PS -- I have never had the tabs catch in the gypsy.


----------



## SimonV (Jul 6, 2006)

I had paint, but coral, mud and sand eat it. I now use cable ties and these last for ever, although I do replace the odd one every now and then, come to think of it they used to be black now they are nearly all white with some yellow and I don't know where the red one came from.


----------



## capecodda (Oct 6, 2009)

using paint...yes as many have said it wears off after a bit and you need to renew it. I might try those specialized markers...

Such a nerd, my marking scheme is red (25'), green (50'), blue (75'), white (100), then double red (125), double green (150), double blue (175), and on a previous bigger boat that had that much chain and could hold it all without sinking double white (200)...etc.

Yea, red, green, blue sequence towards shorter wavelengths (higher frequency) of light....helps me remember, I know, what a nerd , white who knows.


----------



## SVAuspicious (Oct 31, 2006)

capecodda said:


> Yea, red, green, blue sequence towards shorter wavelengths (higher frequency) of light....helps me remember, I know, what a nerd , white who knows.


Not as bad as using the resister color code ...


----------



## capecodda (Oct 6, 2009)

SVAuspicious said:


> Not as bad as using the resister color code ...


Yea, that's pretty nerdy too!


----------



## Cruisingdad (Jul 21, 2006)

Minnewaska said:


> I prefer the first drop to be 2:1 and either drift or back away from it or a few seconds, so the rest of the drop isn't just piling up in a 200lb mushroom or fouling around the anchor itself.


Hey Minnie, I think you may have missread my post. How I mark my chain has nothing to do with how I play it out. We do not let anything pile at all. Proper anchoring is a skill quickly learned as a cruiser, or your voyage will likely end just as quickly!! We begin dropping the hook after the boat is beginning to slip backwards, or just before. We do not let any of it pool at the bottom. That's a recipe for disaster. We play out the chain until we are at the desired scope and facing with the other boats. At that point I put the engine lightly (if it is not already) in reverse until the slack is taken out of the chain, then give it a good burst to set it into the bottom. If it does not set, I pull it back in and re-do. When my anchor sets, it is SET.
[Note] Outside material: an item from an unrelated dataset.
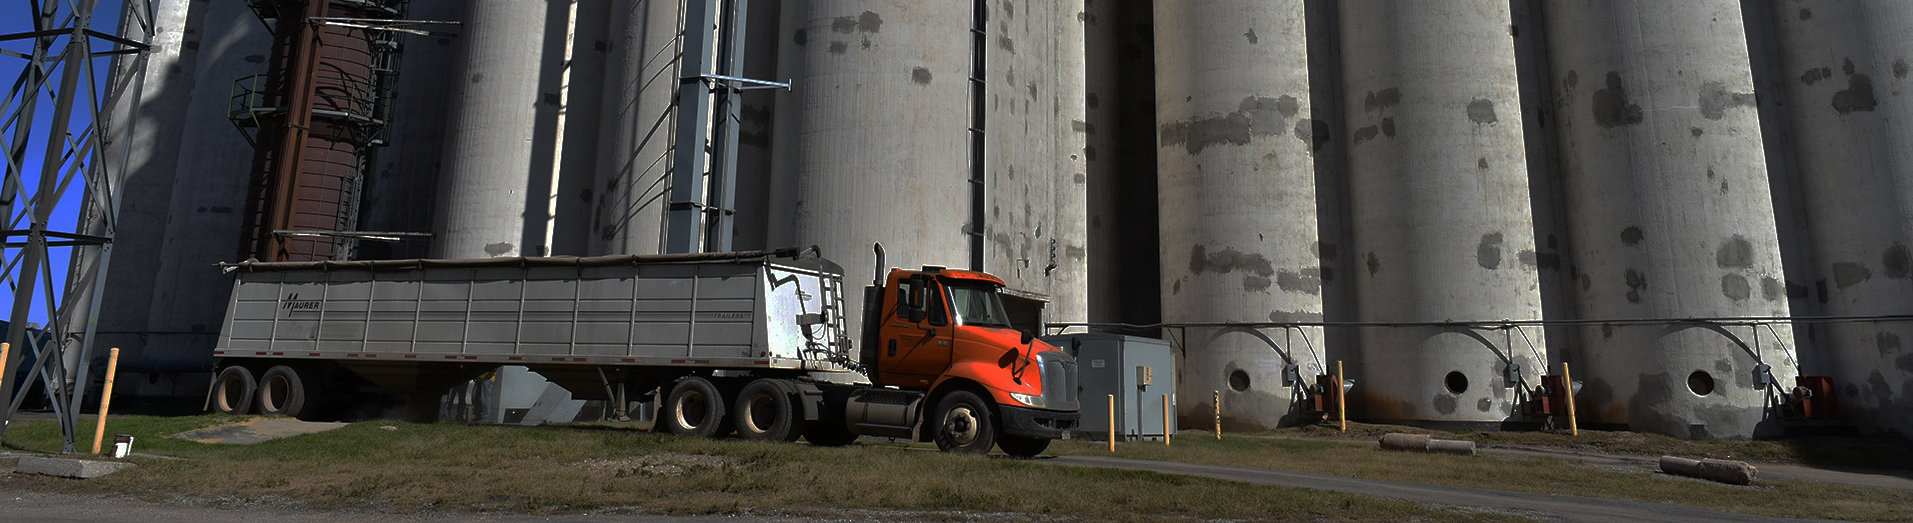 Grain silos and a truck

(knock on wood) To date, I have never drug anchor with this anchor. My anchor is over-sized for this boat (x2) and I use all chain. I did drag once on a danforth on one of my first boats, but that is the only time I have ever drug.

I am also a bit miffed at how so many of you have lost the paint on your chain? We anchor out more than most and this paint is still holding strong 5-6 years later! Here, just took this pic:










Now, it has chipped off in many places, but that is why we paint the chain in about two foot segments (which also makes it easier to read). It wouldn't hurt to re-do it, but it is not terribly necessary and I have no shortage of other projects!!

I have used those little marker things. We had them on the 380. My gypsy did eat one of them eventually. But I got tired of them because it is hard to see them clearly at night or when trying to anchor in a hurry. I am a fan of painting. It is cheap, simple, and allows the owner to choose his marking points. Not to mention, the person at the helm can often see the markings as it is played out if the boat is not falling off perfectly straight (which it never does). Plus, if you use the flourescent paint like I suggest, it is easy to see at night both for you and passing boats. By leaving the paint just above the surface, it is easy to spot by both night and day... a real plus for a crowded anchorage or where drunks abound.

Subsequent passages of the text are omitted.